***** DATASET EXTRACT *****

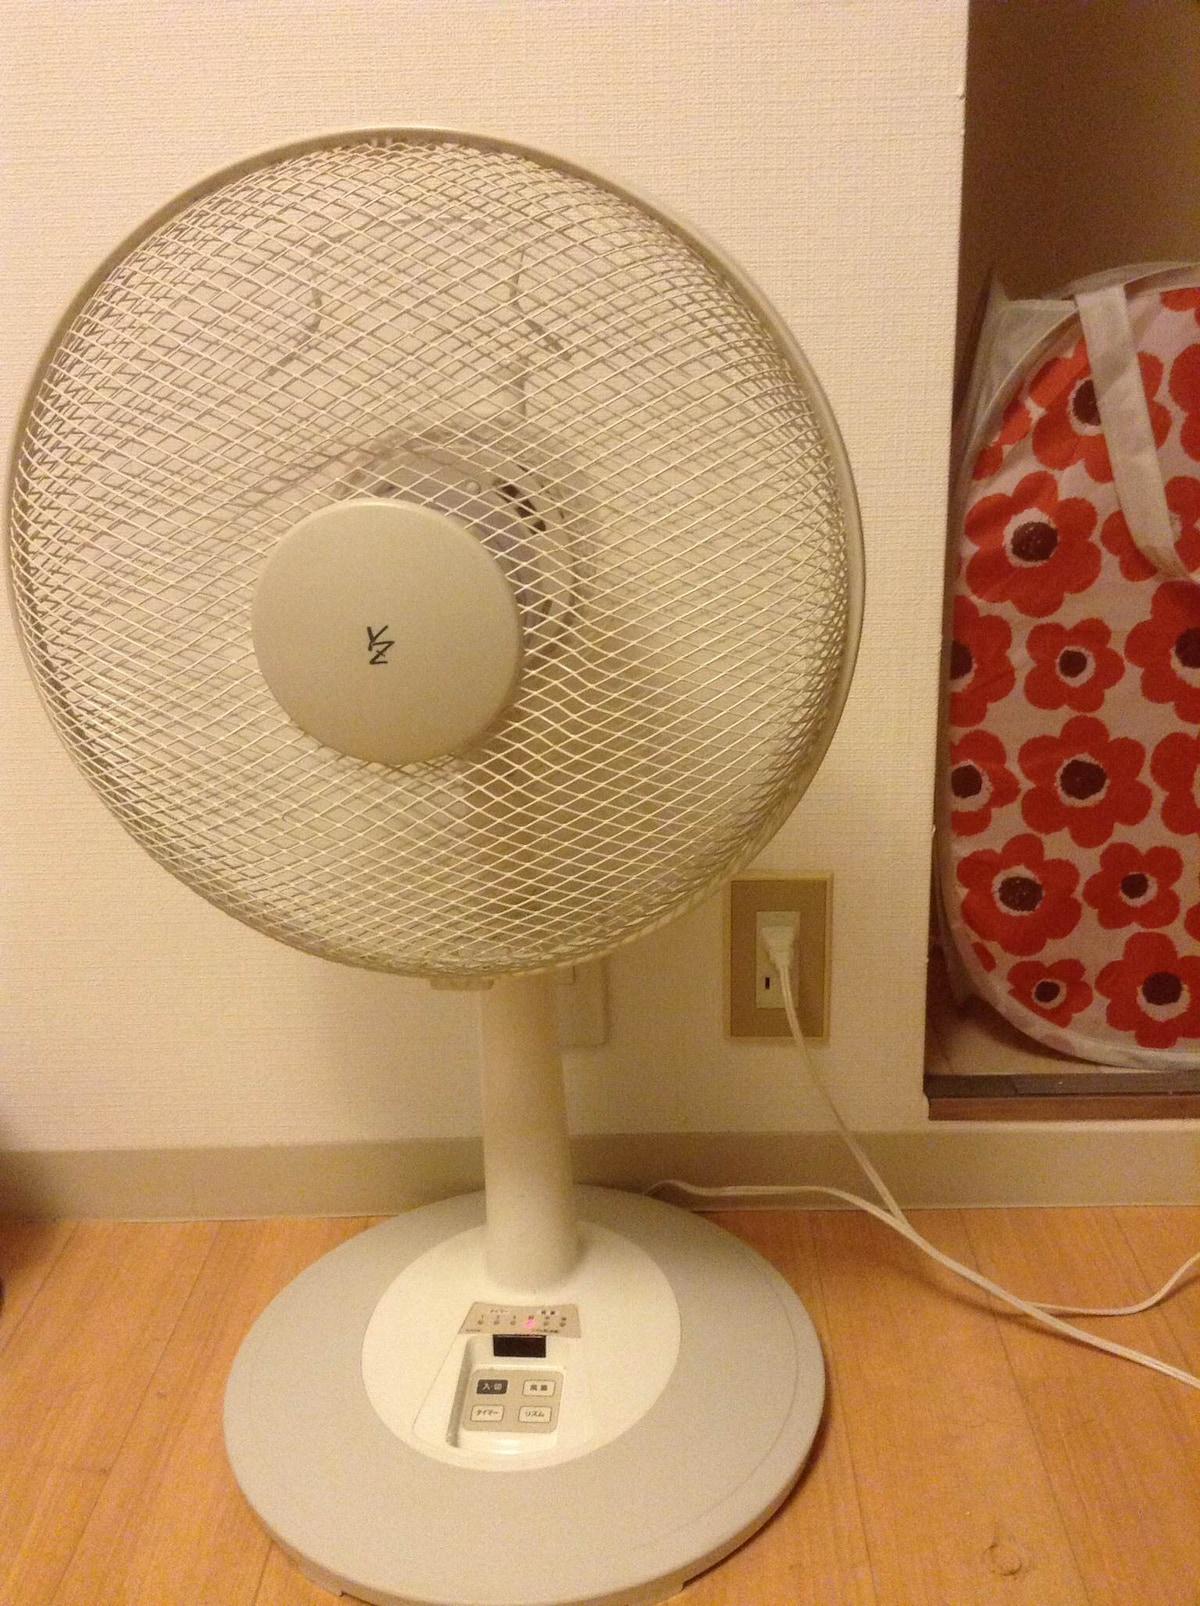 Electric fan for summer!
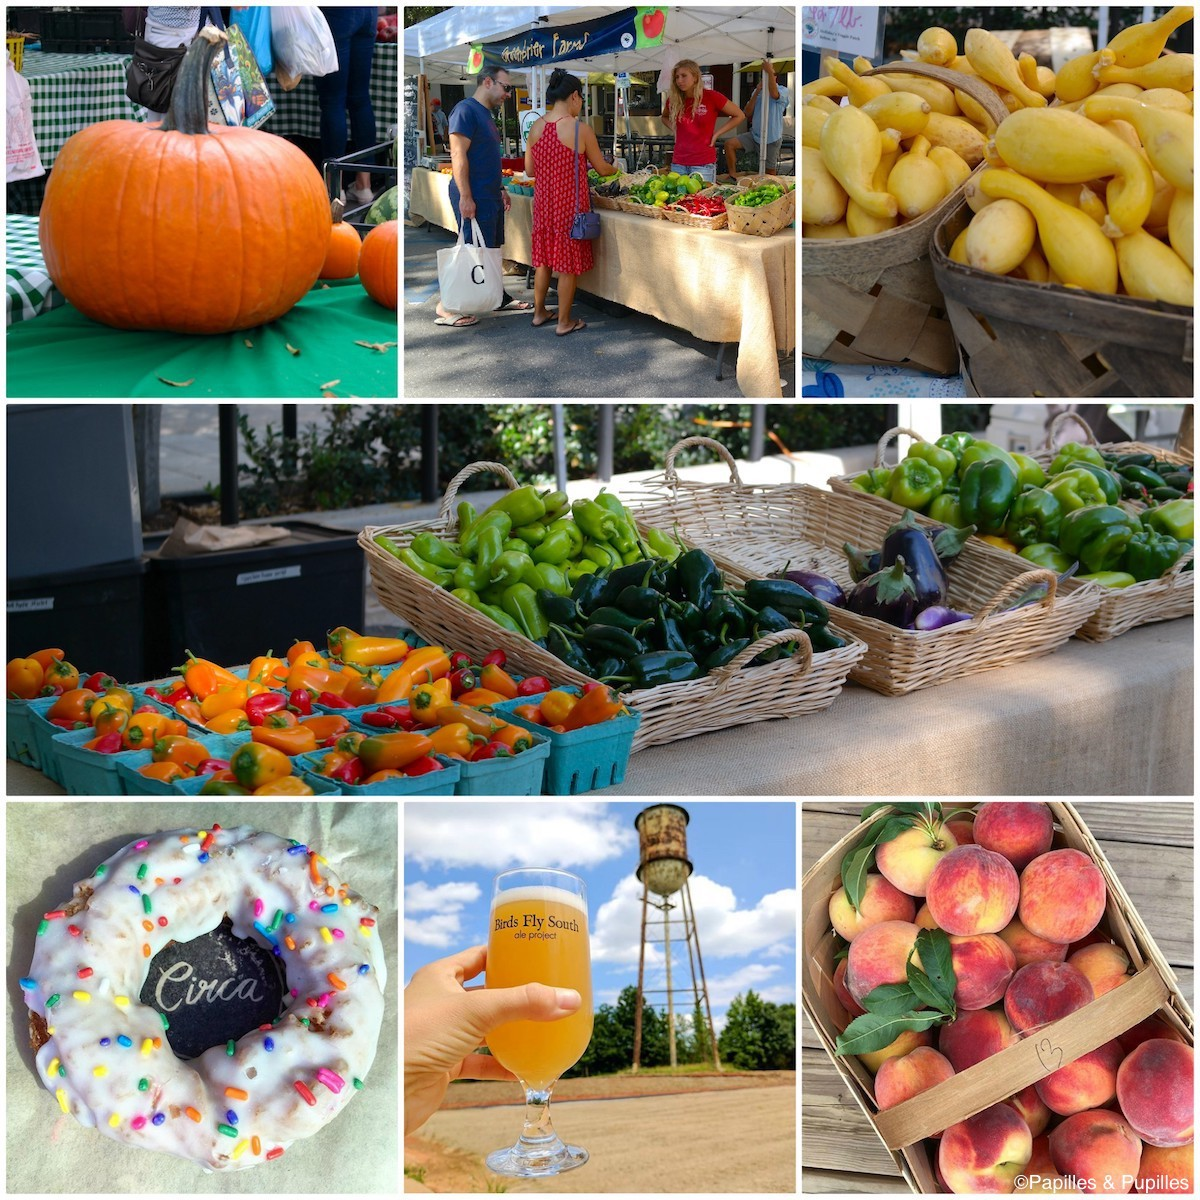 Greenville - Le marché du samedi matin
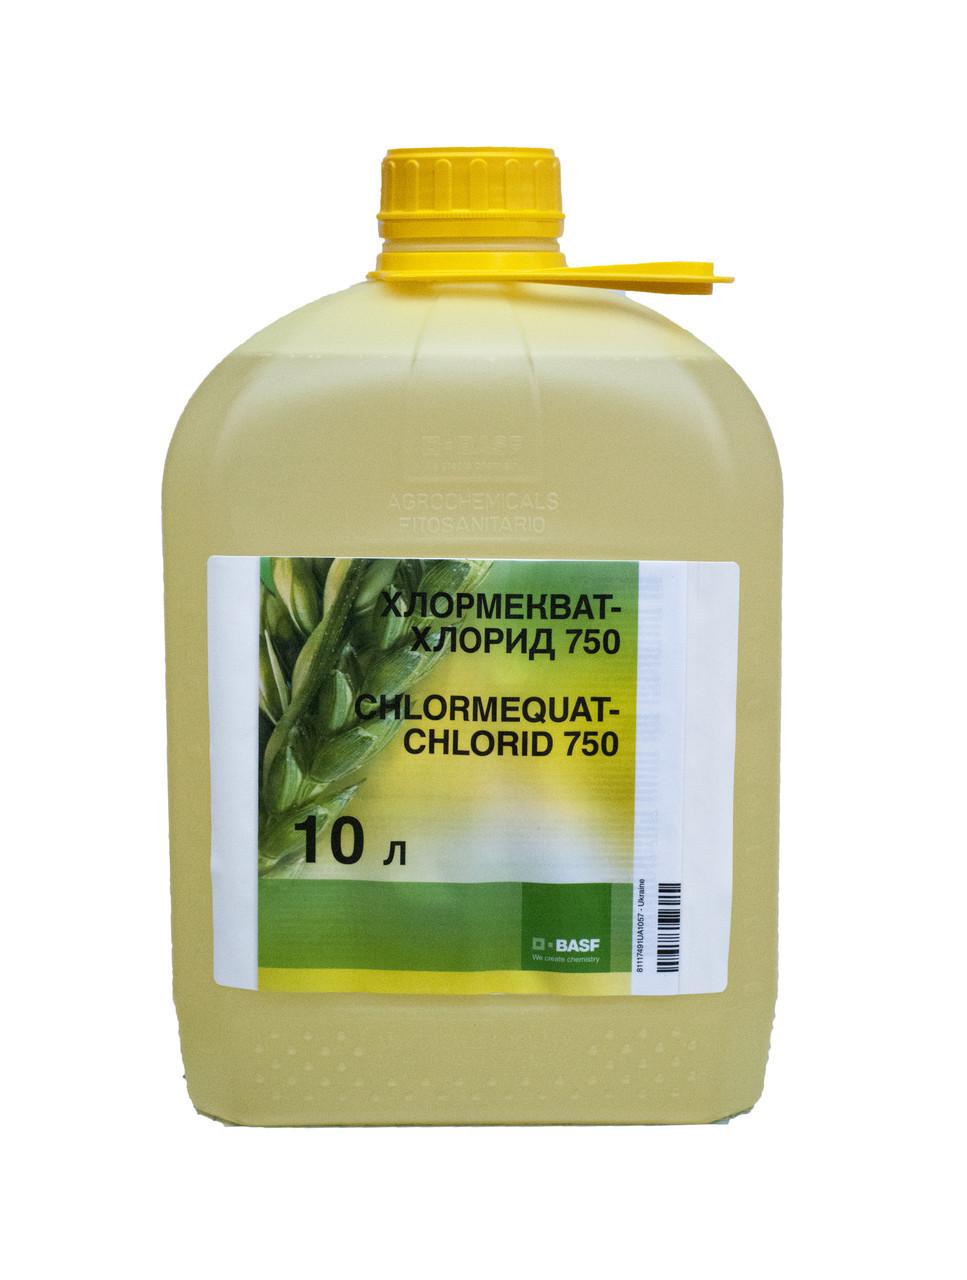 Регулятор роста Хлормекват-Хлорид, 10 л
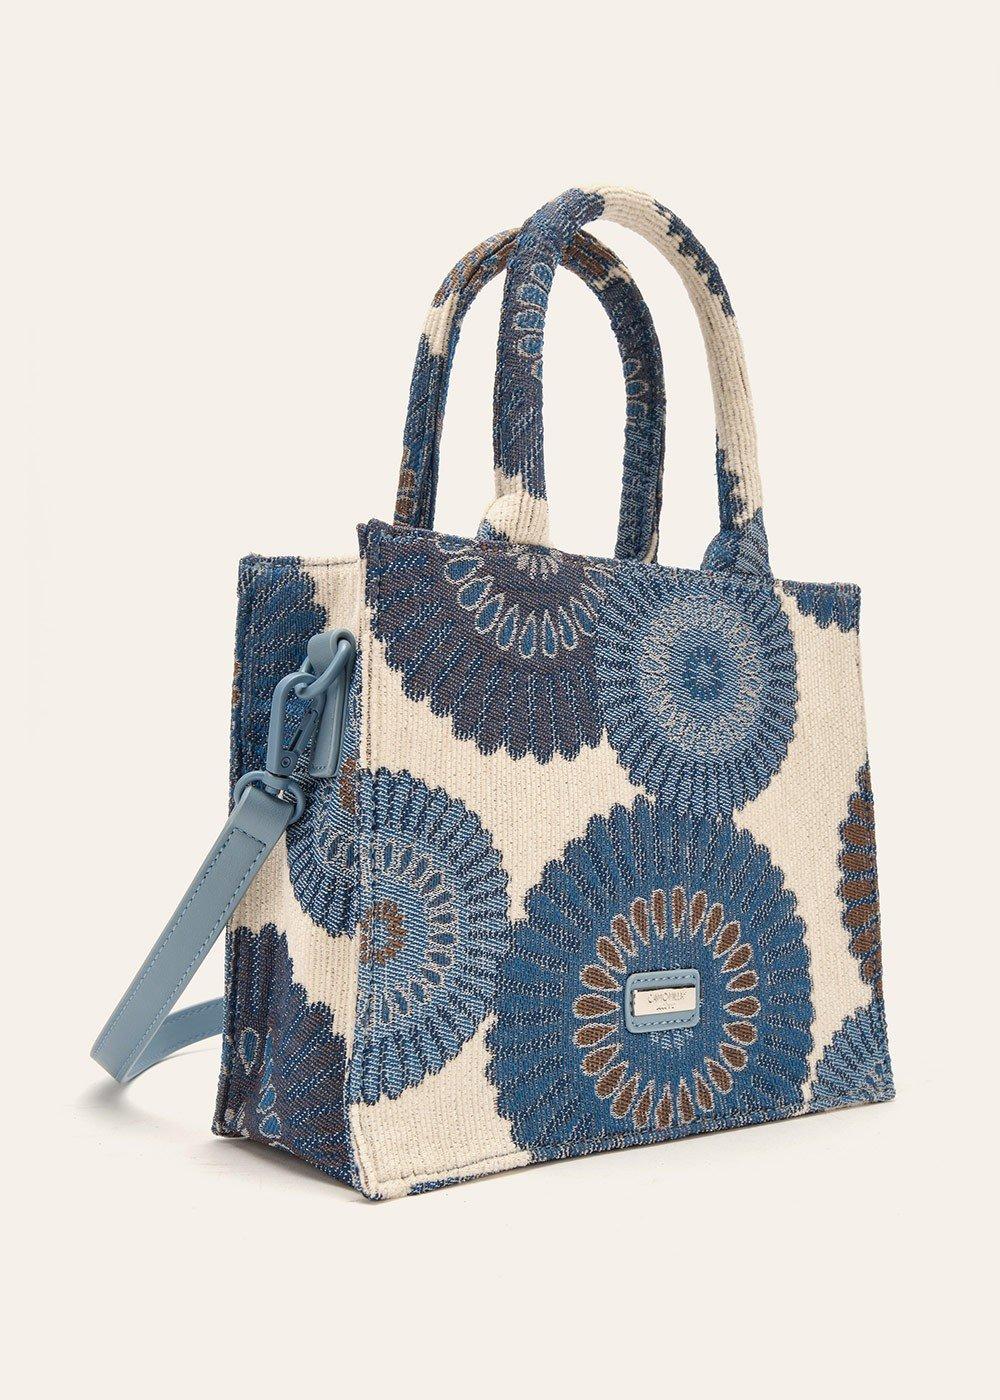 Minibag Brandy tessuto jacquard - Avion Fantasia - Donna

*****

WHAT THE EXERCISE ASKS: Print the data again word for word, pictures excluded.

EXPECTED ANSWER:
 Electric fan for summer!
 Greenville - Le marché du samedi matin
 Регулятор роста Хлормекват-Хлорид, 10 л
 Minibag Brandy tessuto jacquard - Avion Fantasia - Donna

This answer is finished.